You are only allowed to use numpy.*, numpy.linalg.*, and matplotlib in the following ques- tions. Make sure to include plots and results in your writeups.
(a) (2 points) Use matplotlib to visualize all the datasets and attach the plots to your report. Label the points with different y values with different colors and/or shapes.
(b) (6 points) Implement polynomial ridge regression (non-kernelized version) to fit the datasets circle.npz, asymmetric.npz, and heart.npz. The data is already shuffled. Use the first 80% data as the training dataset and the last 20% data as the validation dataset. Report both the average training squared loss and the average validation squared loss for polynomial or- der p ∈ {2, 4, 6, 8, 10, 12}. Use the regularization term λ = 0.001 for all p. Visualize your result and attach the heatmap plots for the learned predictions over the entire 2D domain for p ∈ {2, 4, 6, 8, 10, 12} in your report. Code for generating heatmap plots is included for your convenience, but you will need to generate polynomial features yourself by writing the featurize function.

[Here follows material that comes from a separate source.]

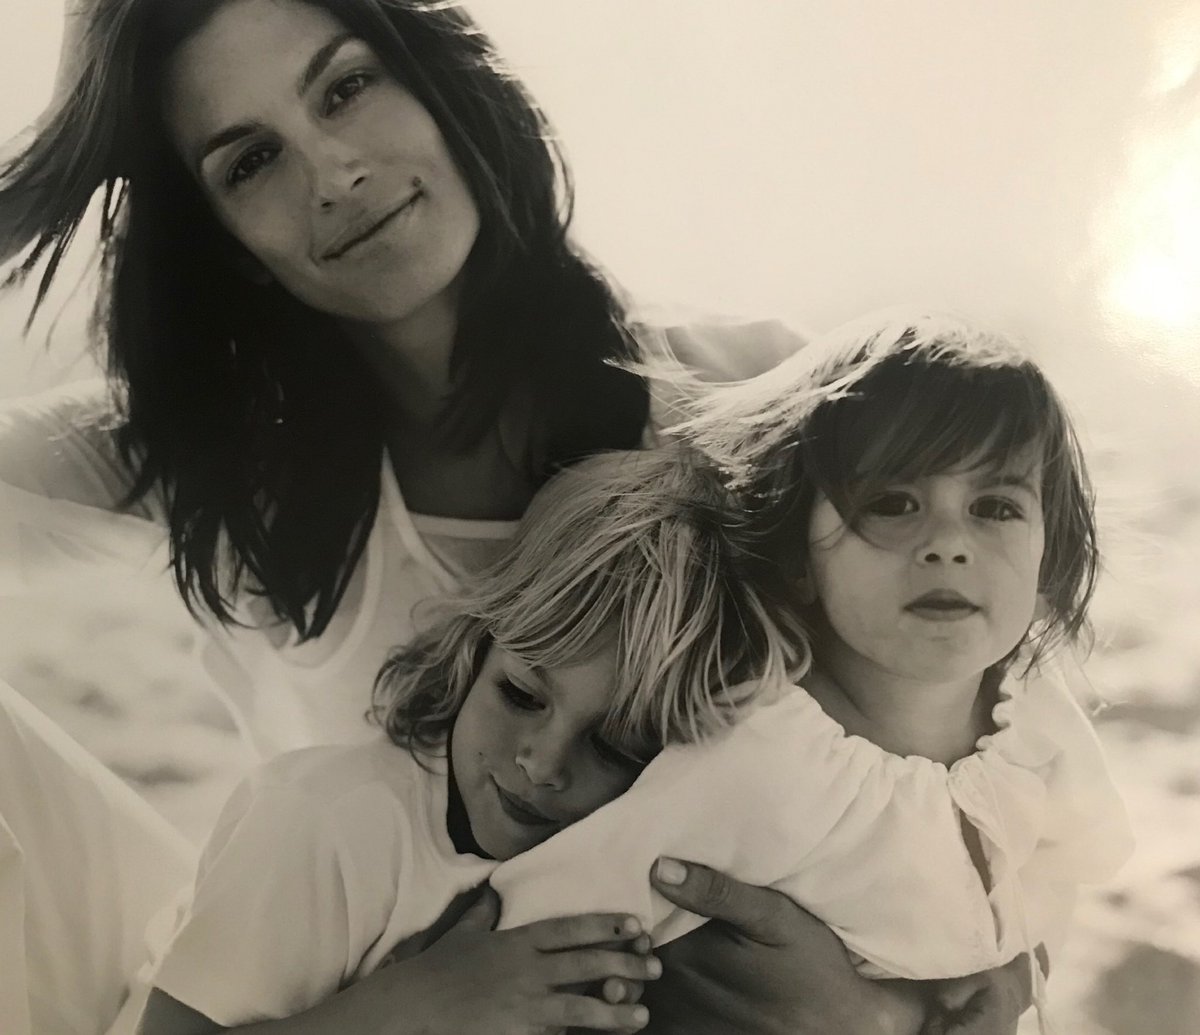 I love you both so so much. I’m so proud to be your mom and humbled by the lessons you continue to teach me. https://t.co/pZPC4f38Ie

(c) (8 points) Implement kernel ridge regression to fit the datasets circle.npz, heart.npz, and optionally (due to the computational requirements), asymmetric.npz. Use the polynomial kernel K(xi, xj) = (1 + x⊤i xj)p. Use the first 80% data as the training dataset and the last 20% data as the validation dataset. Report both the average training squared loss and the average validation squared loss for polynomial order p ∈ {1, . . . , 16}. Use the regularization term λ = 0.001 for all p. For circle.npz, also report the average training squared loss and validation squared loss for polynomial order p ∈ {1, . . . , 24} when you use only the first 15% data as the training dataset and the rest 85% data as the validation dataset. Based on the error, comment on when you want to use a high-order polynomial in linear/ridge regression. Lastly, comment on which of polynomial versus kernel ridge regression runs faster, and why.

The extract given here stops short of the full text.